Sri Lankans aren’t the only outsiders: a French researcher is in town to monitor the bear population in the jungle. He is also the target of community outrage, as a representative of the conservation movement that has forced the closure of the nearby polluted mine, lost many local jobs and contributed to the problem of economic migration. This, in turn, gave rise to nationalism manifested in ceremonies and parades in which its followers don bear skins and helmets and pledge allegiance to Dacia – an ancient regional tribe valued for its resistance to the Romans and recently claimed as a symbol by some far-right factions.
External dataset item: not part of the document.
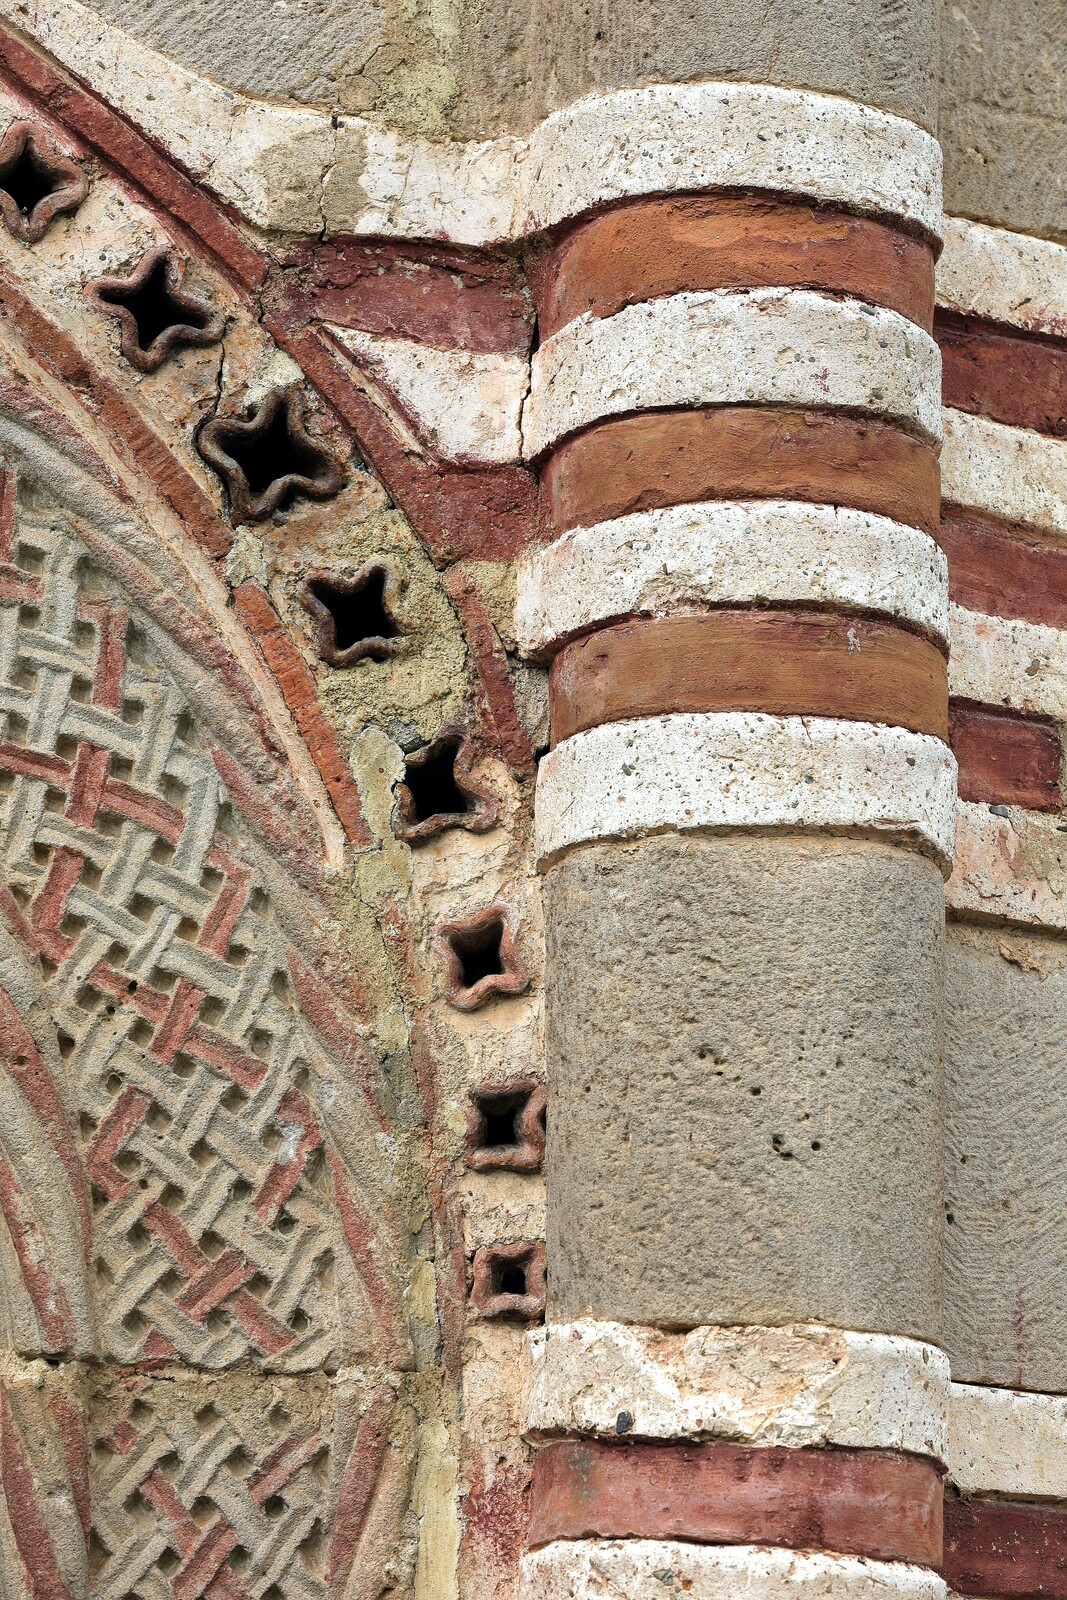 Bifora on the South chantry with a Representation of a Griffin, detail

This is a complex movie, so full of ideas that one might expect aesthetics to be less important, but “RMN” is absurdly handsome. Tudor Panduru’s photography makes great use of the widescreen maximum aspect ratio of 2.39:1 which obviously beautifies Transylvanian landscapes, but would be prohibitive for more talkative interiors, unless designed with such subtle choreography, framing, and attention background work. In fact, you have a feeling that, given Mungiu’s desire to show every aspect of every argument simultaneously, he’d shoot 360 degrees if the option were available. And during the main screening of the film — a 17-minute continuous shot of a crowded, distracted city hall meeting with multiple speakers and multiple planes of motion happening simultaneously — it almost achieves the effect of an equivalent warp.

Papa Otto’s scans appear on and browse Matthias’ phone, examining the collective growth of the old man’s brain chip by chip. It’s an easy metaphor for Mungiu’s approach with “RMN”, which is essentially a laser-tooled analysis of the affected Roman social organ where we can see the cancer of intolerance and inequality spreading layer by layer. It is not a surgery. Mungiu neither interferes nor judges. However, he feels hopeless – and nothing more than a bold, mysterious epilogue that gives way to about seven different interpretations, none of them perfect, and all of them intriguing. Perhaps the easiest read of Orsin’s semi-surrealist ending—which suggests that Christian Mungiu’s starkly obvious realism may be insufficient for the task of explaining the world’s present-day gloom and brokenness—is the age of human social structures. Passed. Perhaps it is time for the so-called civilization to come out, followed by a bear.